More glory in the garden as the harvest gets to go, go, going. We experimented with cantaloupe! While it is among the best we’ve ever tasted, it is not nearly worth the water or labor for the three adorable fruits produced. The ground cherries, peppers, beans, zucchini, and tomatoes are quite a different story. The blue tepary and scarlet runners an excellent introduction to beans for drying, so we will plant much more next year, taking out the strawberry plants that do so very little. How life presents a body with ample opportunities to learn!
Greg gets his kicks at the Route 66 Mural in Jopin. Getting hip, alright…
At the Wildcat Glades Conservation & Audubon Center. I love it when such beauty and serenity is tucked in amongst the city. We got up early to enjoy it and reveled in beauty, birdsong, and the babble of flowing water.
Just above and up to the Williams family ancestors nod is Red Oak II, created by the artist Lowell Davis, who died in 2020:
Davis, once a commercial artist who left Dallas to return to his roots in the Missouri countryside, hit it big in the 1980s and 1990s with sculptures and paintings based on farm life at the nostalgic village of Red Oak II, a community of old buildings he purchased and moved to resurrect his family’s hometown of Red Oak, which was once located near Avilla. His work was sold in 2,000 stores and galleries worldwide.
It’s a truly magical experience to wander about, amongst sculptures and every manner of building, that someone would go to such lengths to recreate a HOME. It is a fabrication but so very authentic, too.
Though there is always more growing to do, like with the evergreens and a few of the shrubs, I feel like our gardens, and my vision for them, have come to fruition. With the exception of this year’s new plants and the fruit and vegetable patch, we don’t provide any additional water – a xeriscaped haven in the high desert of Colorado Springs!
It is truly exciting to no longer think long-term, wondering what more needs to be added. Everything is here, huzzah! We’ll replace whatever becomes diseased or dies, of course.
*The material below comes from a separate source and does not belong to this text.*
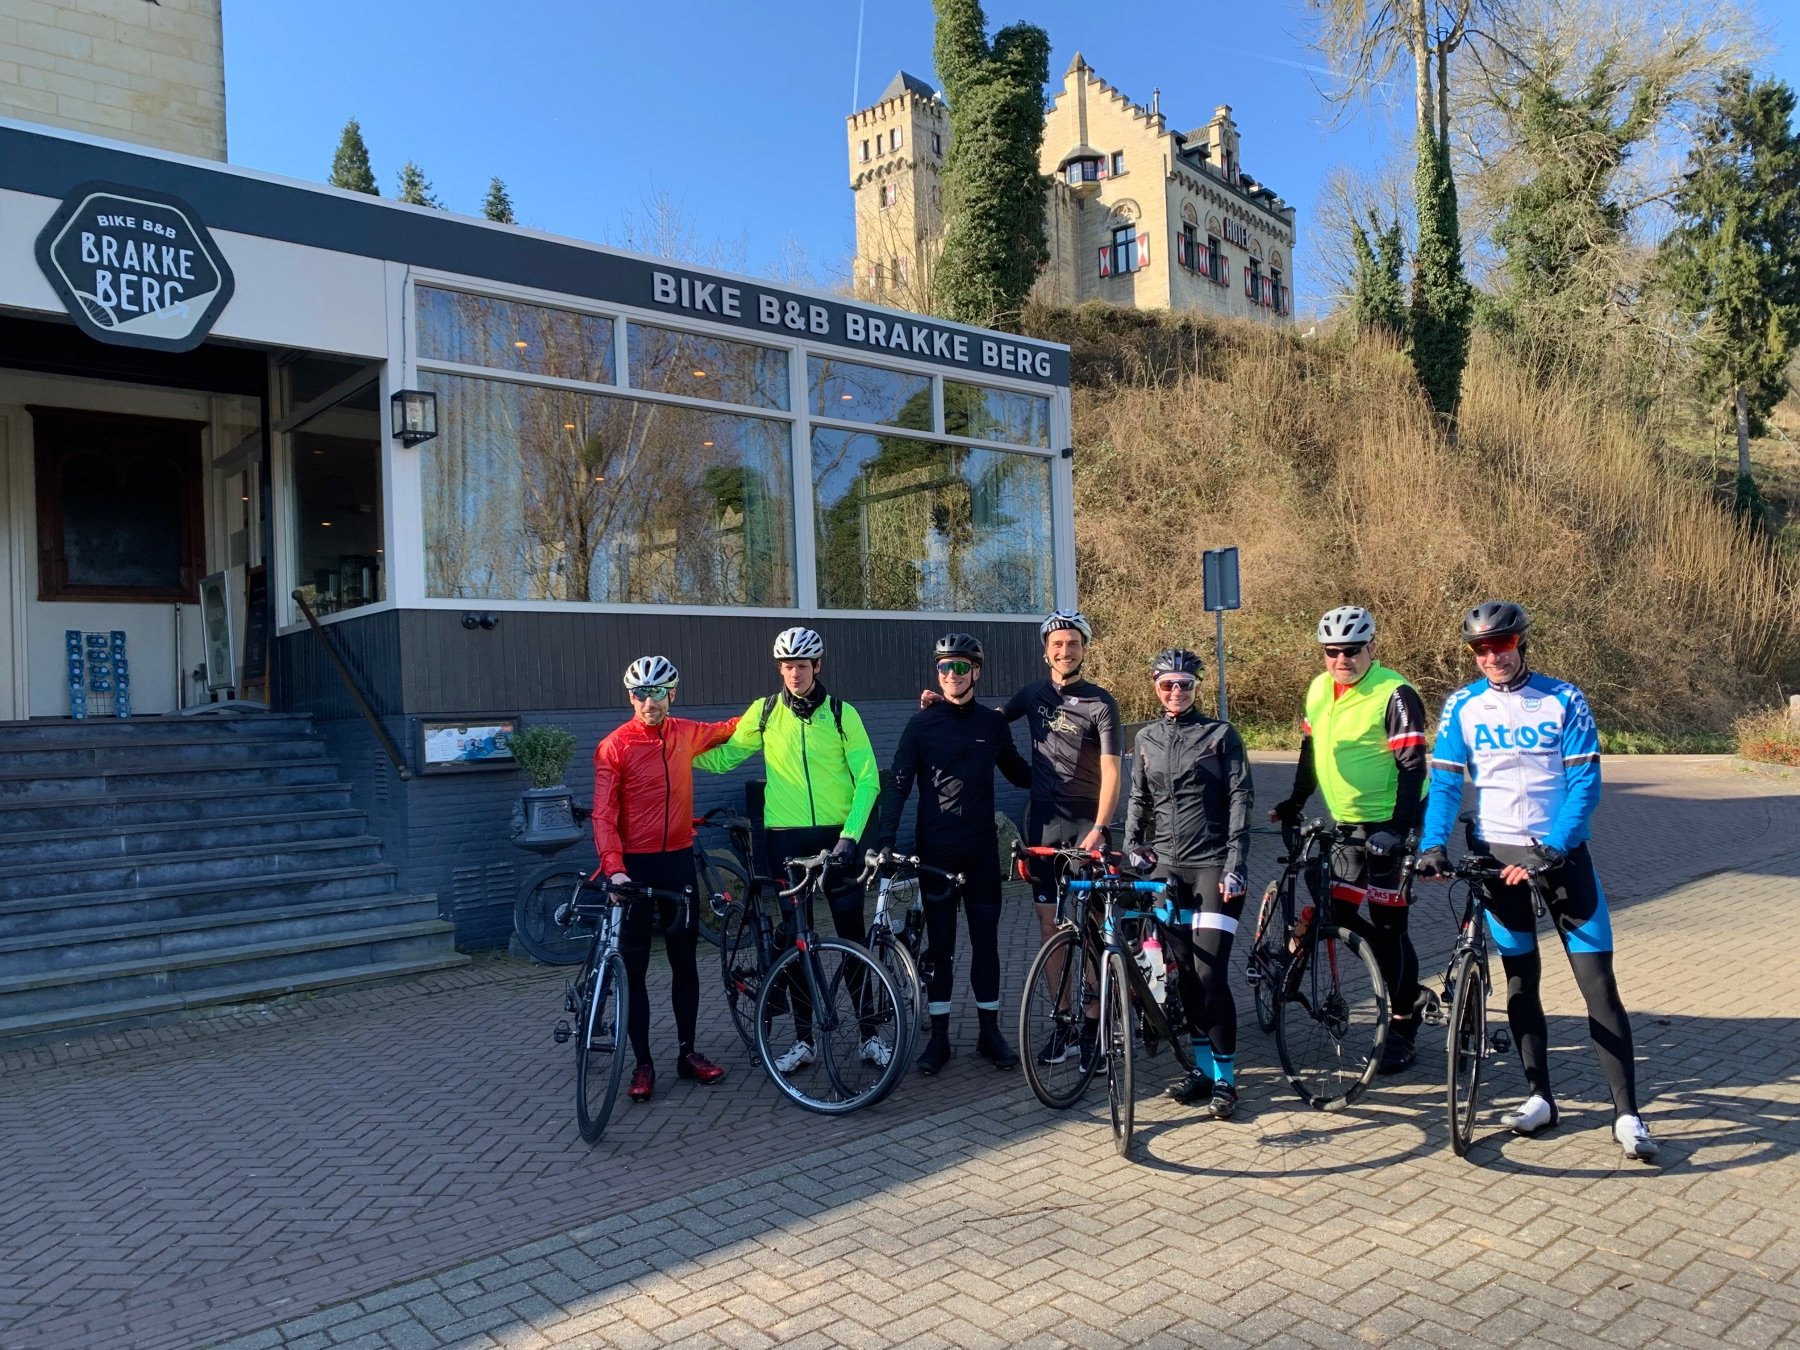 Groep fietsers in lange fietskleding voor De Brakke Berg: een B&B in Zuid-Limburg Nederland
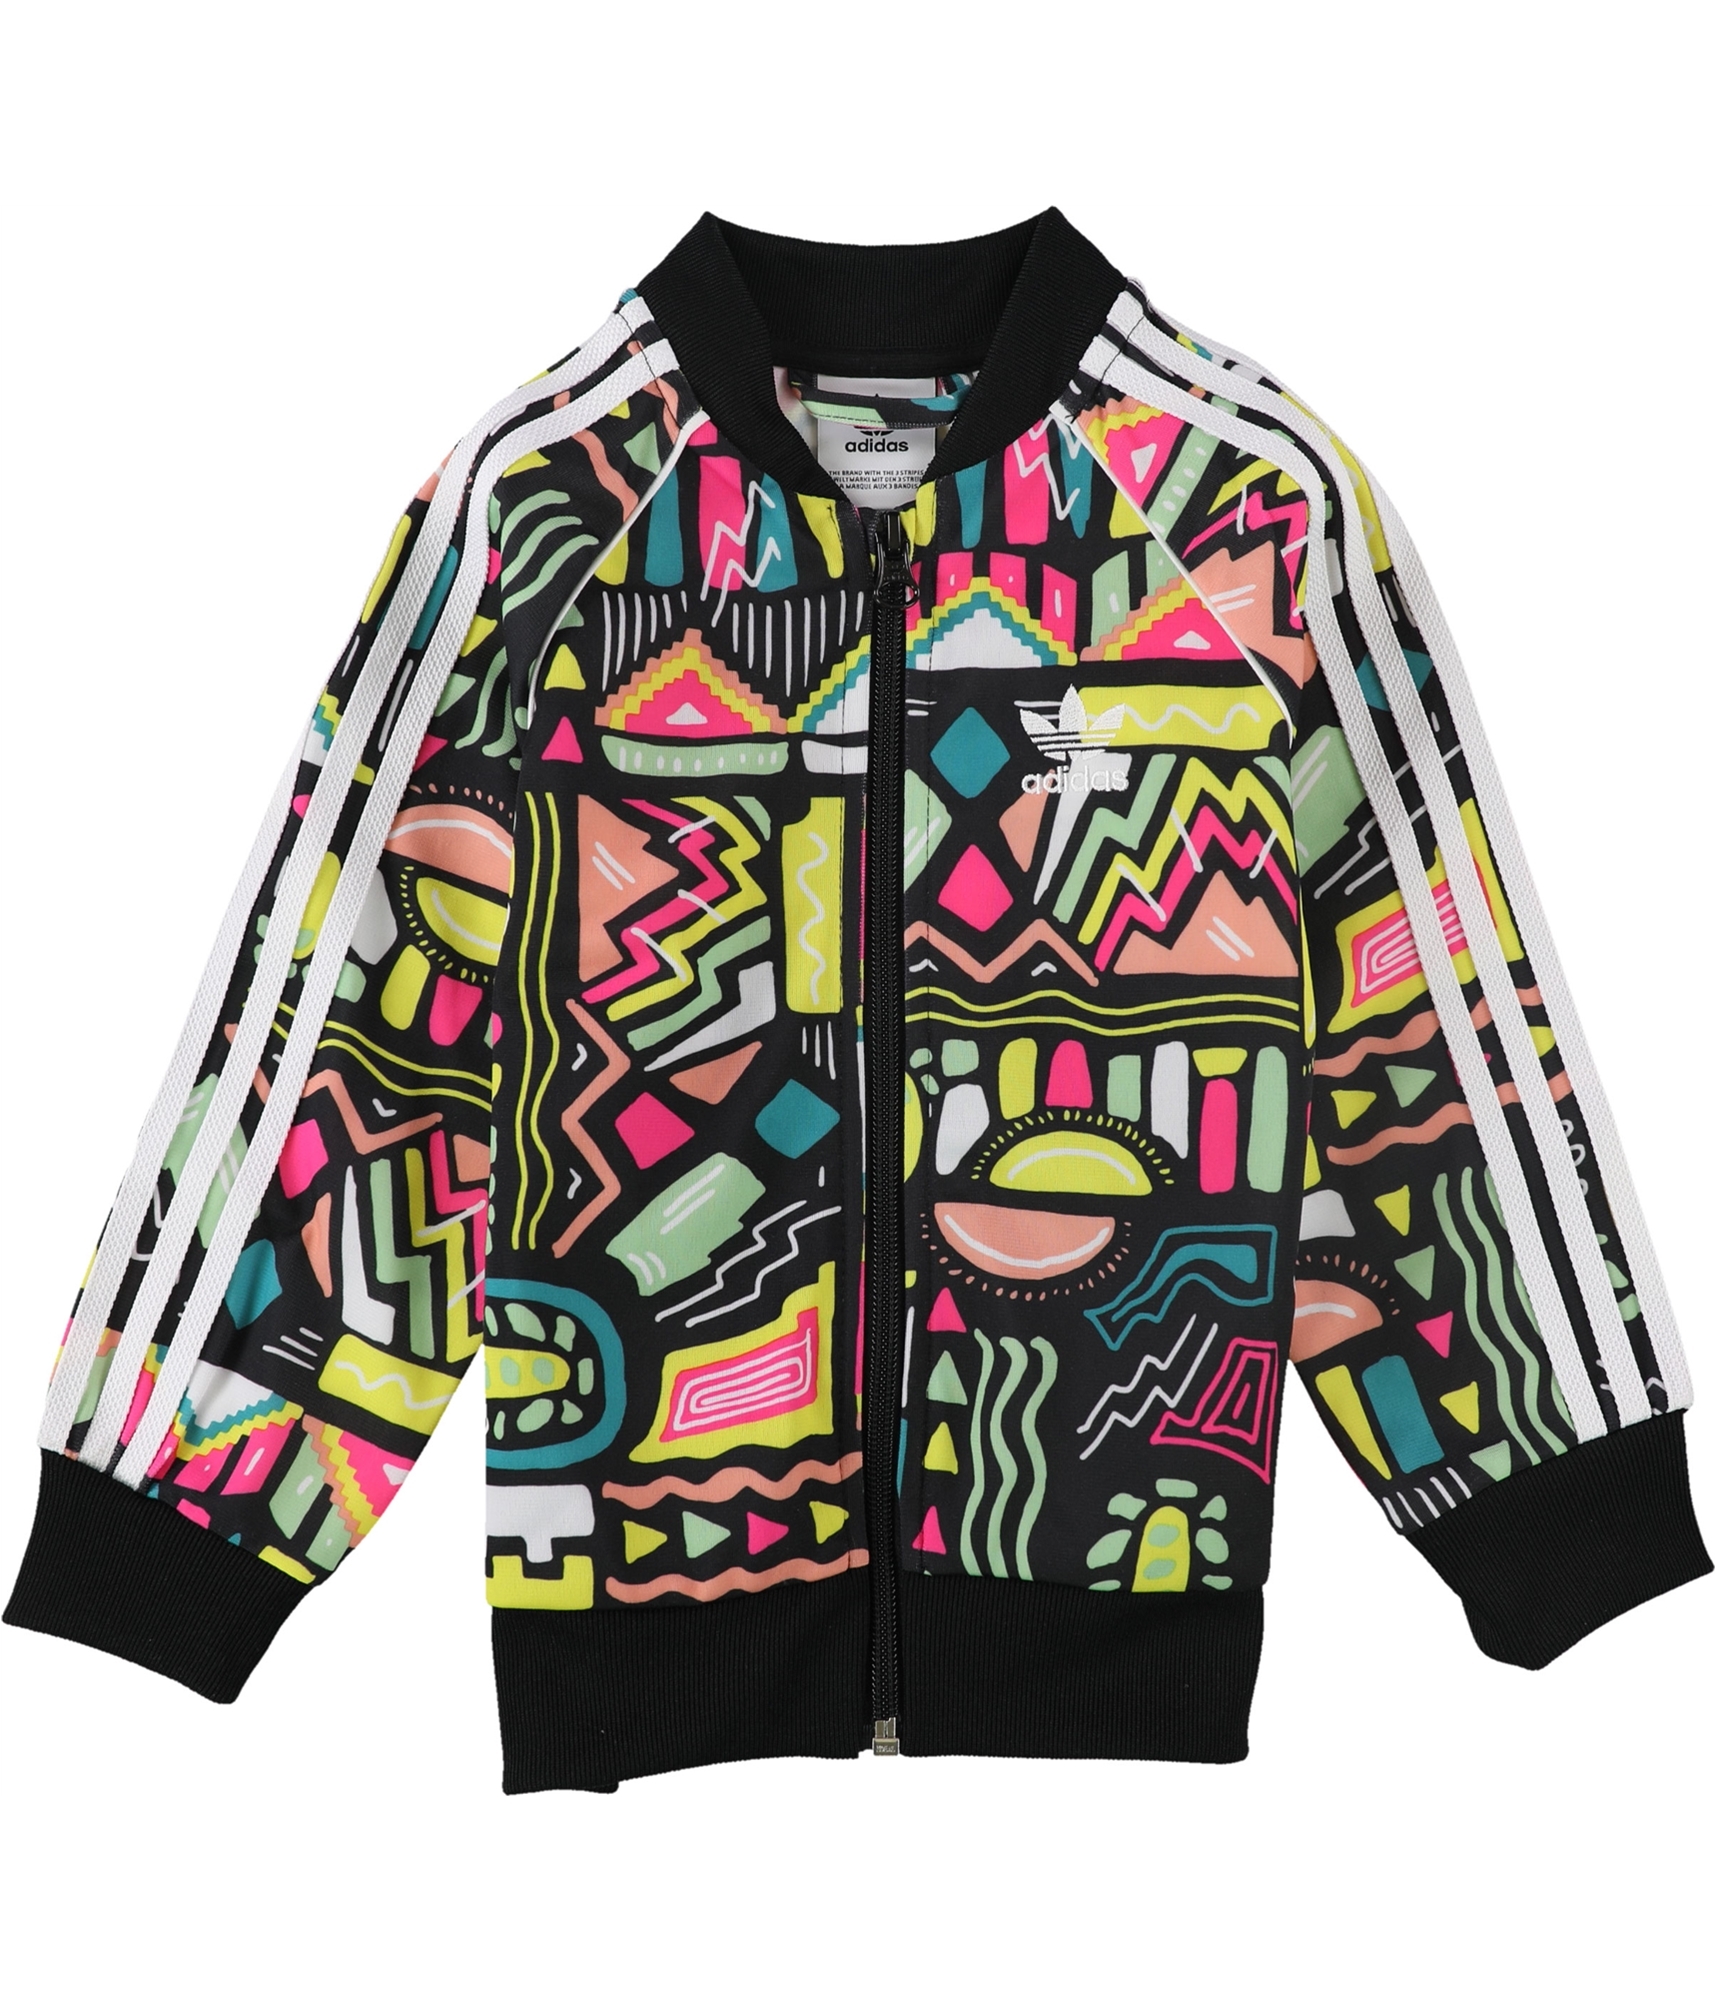 Prescribir Fanático Mendicidad Buy a Girls Adidas Superstar Track Jacket Sweatshirt Online | TagsWeekly.com

In the mean time, what a pleasure to wander amongst plants of varying heights, textures, and colors, to hear all the critters and winged visitors, bird and insect alike.
How cute, also, is farmer Greg harvesting lettuce made safe from marauding, but ever adorable, rabbits. We’ve also learned they enjoy echinacea flower petals for dessert, rats. The ups and downs of sharing a space with all the four-leggers.